On October 5, Facebook whistleblower Frances Haugen testified before Congress, revealing the platform’s internal research that demonstrates how Facebook harms democracy and society. A whistleblower is a person, usually an employee or former employee, who discloses information about an organization that is in some way dangerous, illegal or dangerous. Before stepping down in May 2021, Haugen was a Facebook product manager. But, before leaving the company, she copied thousands of Facebook’s internal search pages. Here’s what you need to know about the information exposed by Facebook.
Facebook hurts teenagers
In a “60 Minutes” interview, Haugen discusses one of Facebook’s internal studies. The study proves how Instagram, acquired by Facebook, has a significant impact on teenage girls. It was found that 13.5% of teenage girls say that Instagram makes suicidal thoughts worse. Additionally, the study finds that 17% of teenage girls say Instagram makes eating disorders or thoughts related to eating disorders worse.

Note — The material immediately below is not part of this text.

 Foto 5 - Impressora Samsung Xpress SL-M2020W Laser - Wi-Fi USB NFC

Haugen explained, “And what’s super tragic is that Facebook’s own research indicates that as these young women start consuming this eating disorder content, they become more and more depressed. . And it encourages them to use the app more. And so they get into this feedback cycle where they hate their bodies more and more. Facebook’s own research indicates that it’s not just that Instagram is dangerous for teens that it harms teens, it’s that it’s significantly worse than other forms of social media.
In other words, Instagram creates a toxic cycle for teenage girls, as well as others. Despite the content triggering them emotionally and ultimately physically, they almost always go back to consuming more, which worsens their mental health.

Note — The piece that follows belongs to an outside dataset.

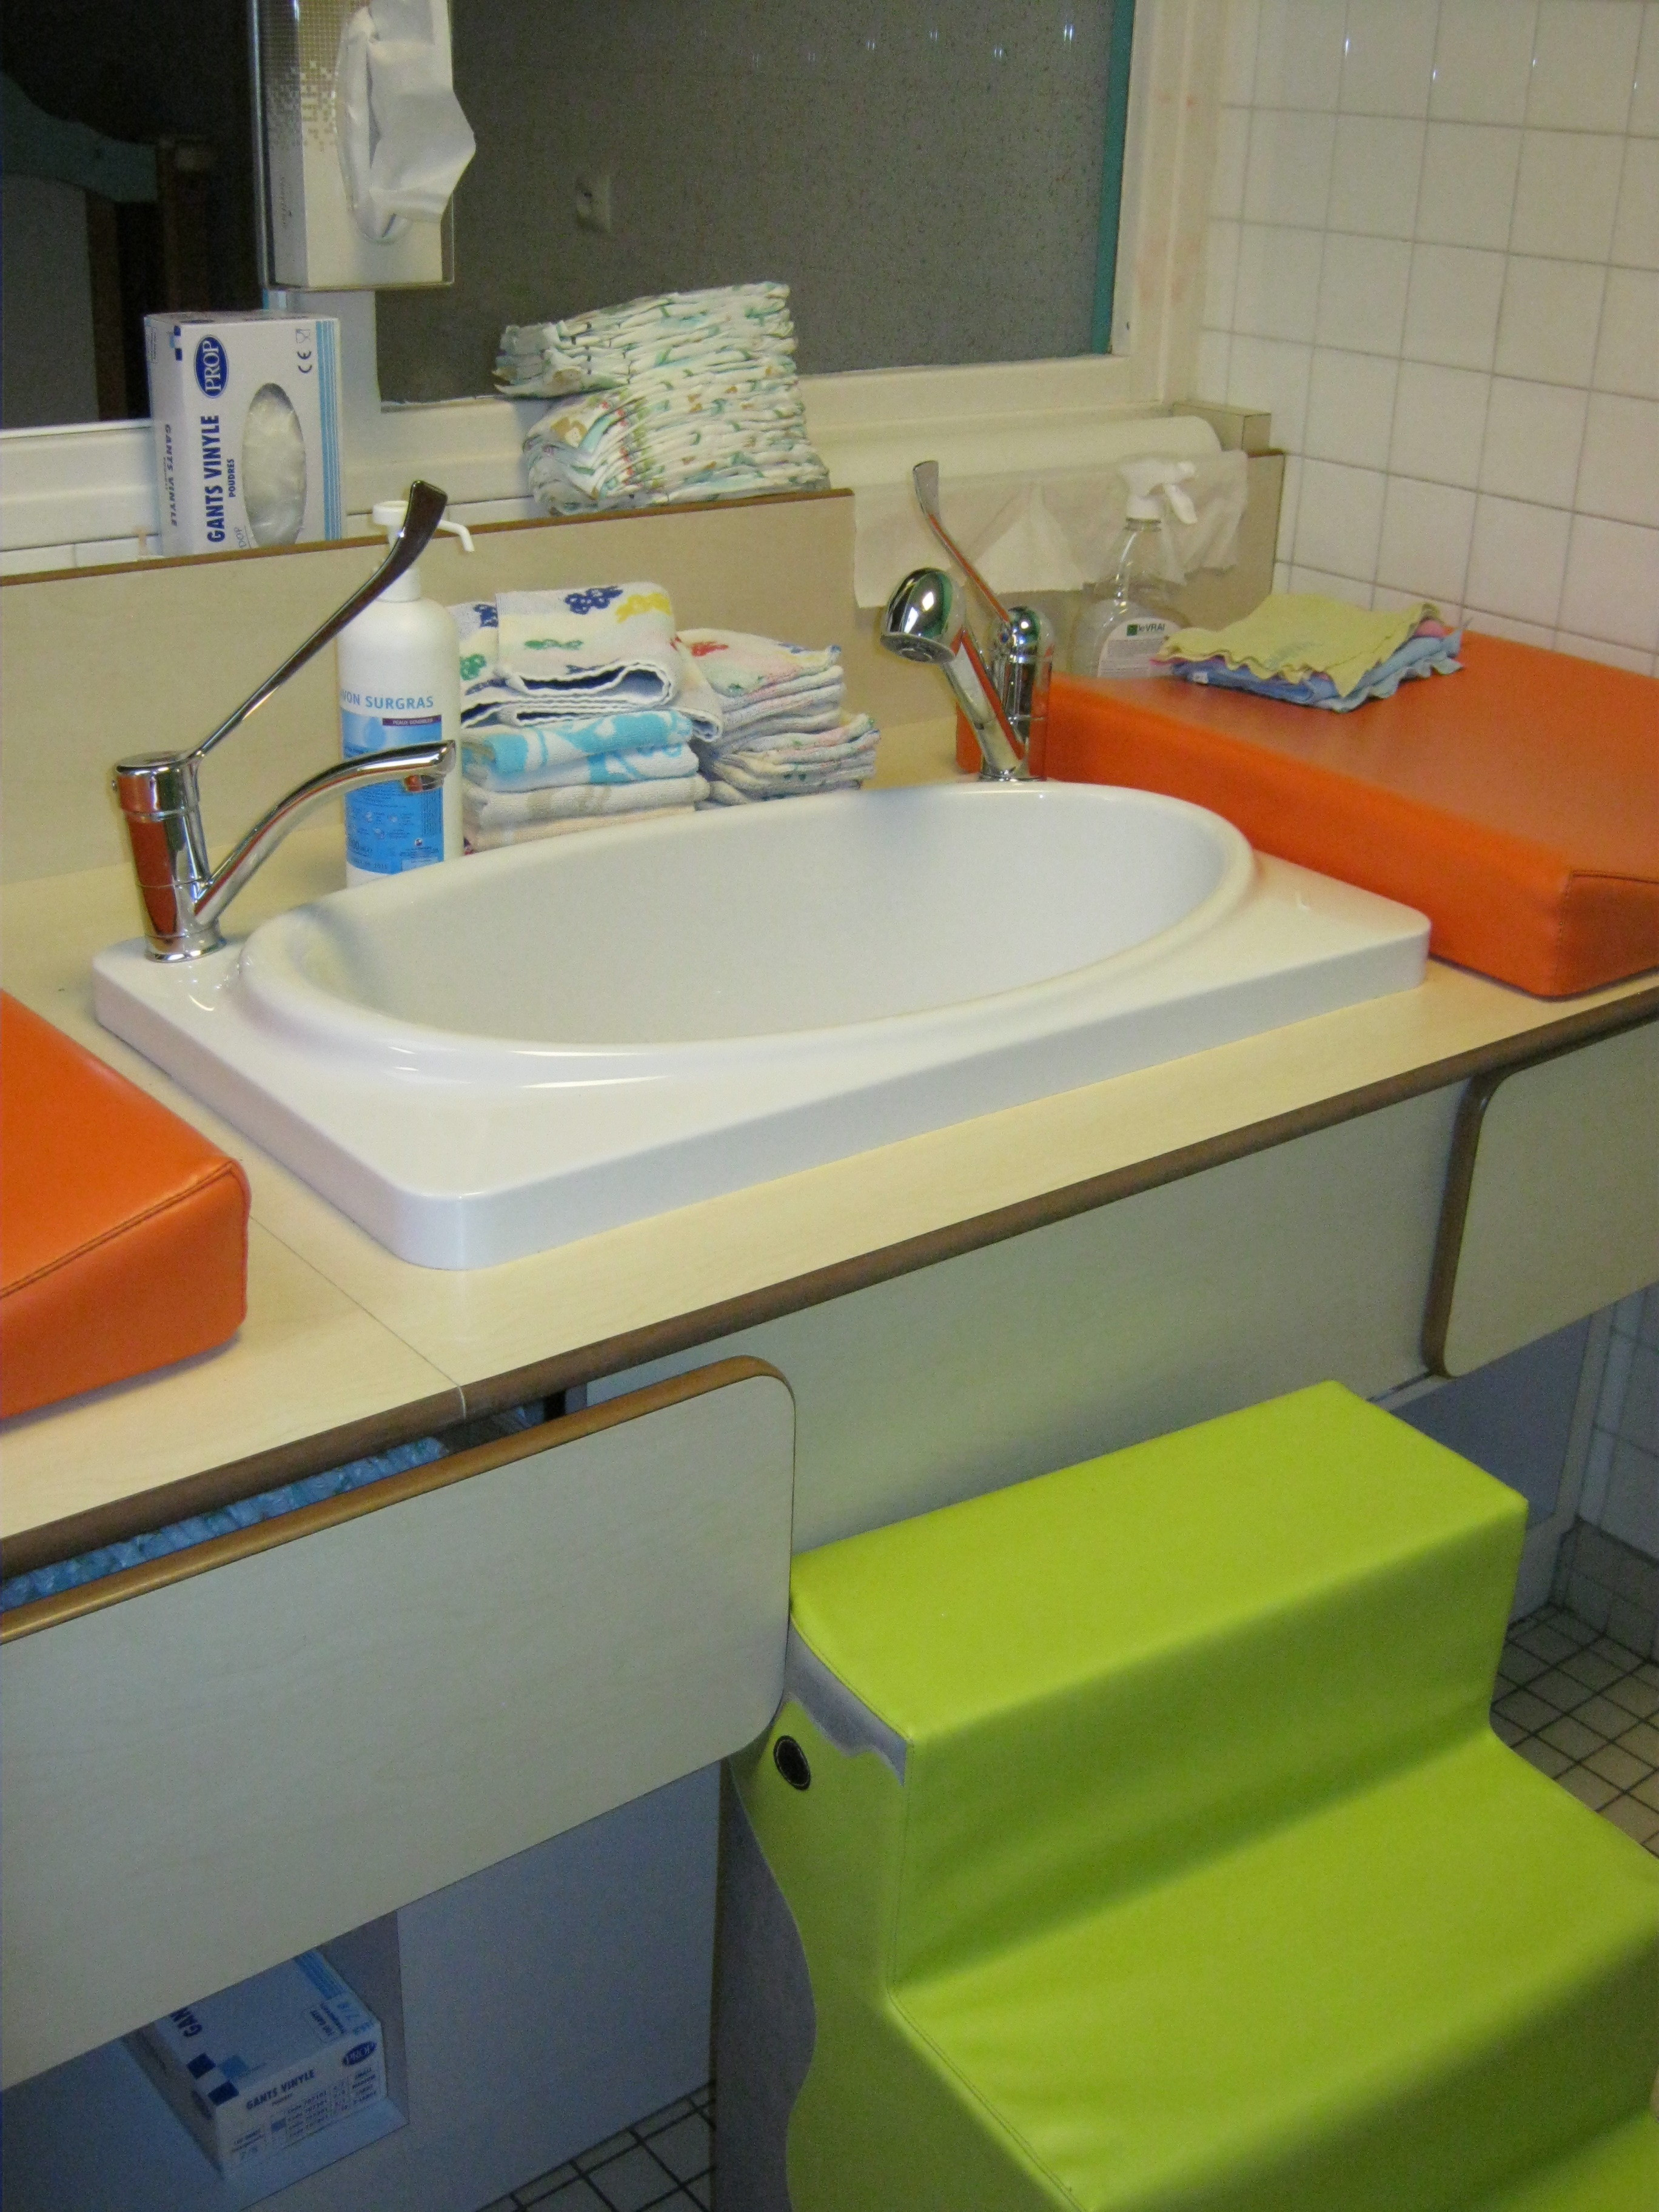 Design faience mosaique salle de bain moderne calais for Faience salle de bain moderne

The Discoveries of Senator Richard Blumenthal
Senator Richard Blumenthal and his team created an Instagram account when he was 13 years old. Staff began tracking stories promoting eating disorders and eating disorders. As a result, accounts that promoted extreme dieting and eating disorder behaviors were subsequently recommended to the staff account.

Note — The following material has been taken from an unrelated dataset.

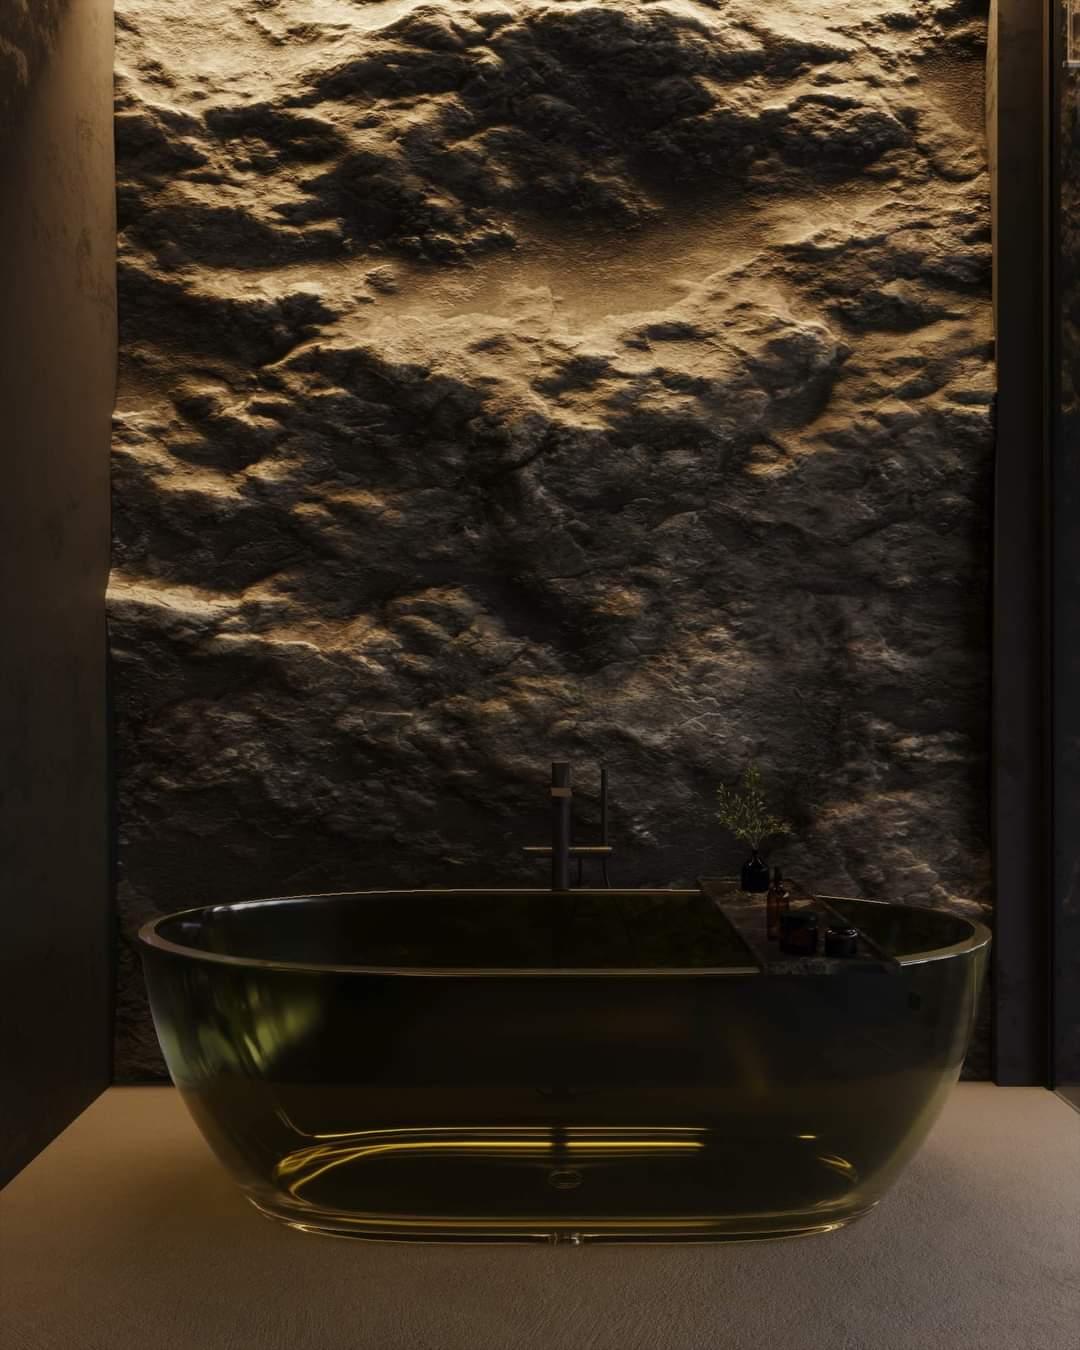 Alluring Bath Tub - Source: Kireevaaanna

Recently, Facebook has been working on creating an Instagram for kids. However, they announced that they were suspending their plans.
In response to Facebook’s temporary shutdown of an Instagram app for kids, Sen. Edward J. Markey, Rep. Kathy Castor, Sen. Richard Blumenthal and Rep. Lori Trahan said, “We’re glad Facebook has responded. to our calls to stop moving forward with his plans. to launch a version of Instagram for kids. However, a “pause” is insufficient. Facebook has completely lost the benefit of the doubt when it comes to protecting young people online, and it needs to abandon this project entirely.
The Wall Street Journal study
Senator Richard Blumenthal decided to investigate Instagram’s regulations meant to protect users due to recent findings from the Wall Street Journal. The study shows how aware Facebook is of the negative impacts of its platforms, especially Instagram, on teens.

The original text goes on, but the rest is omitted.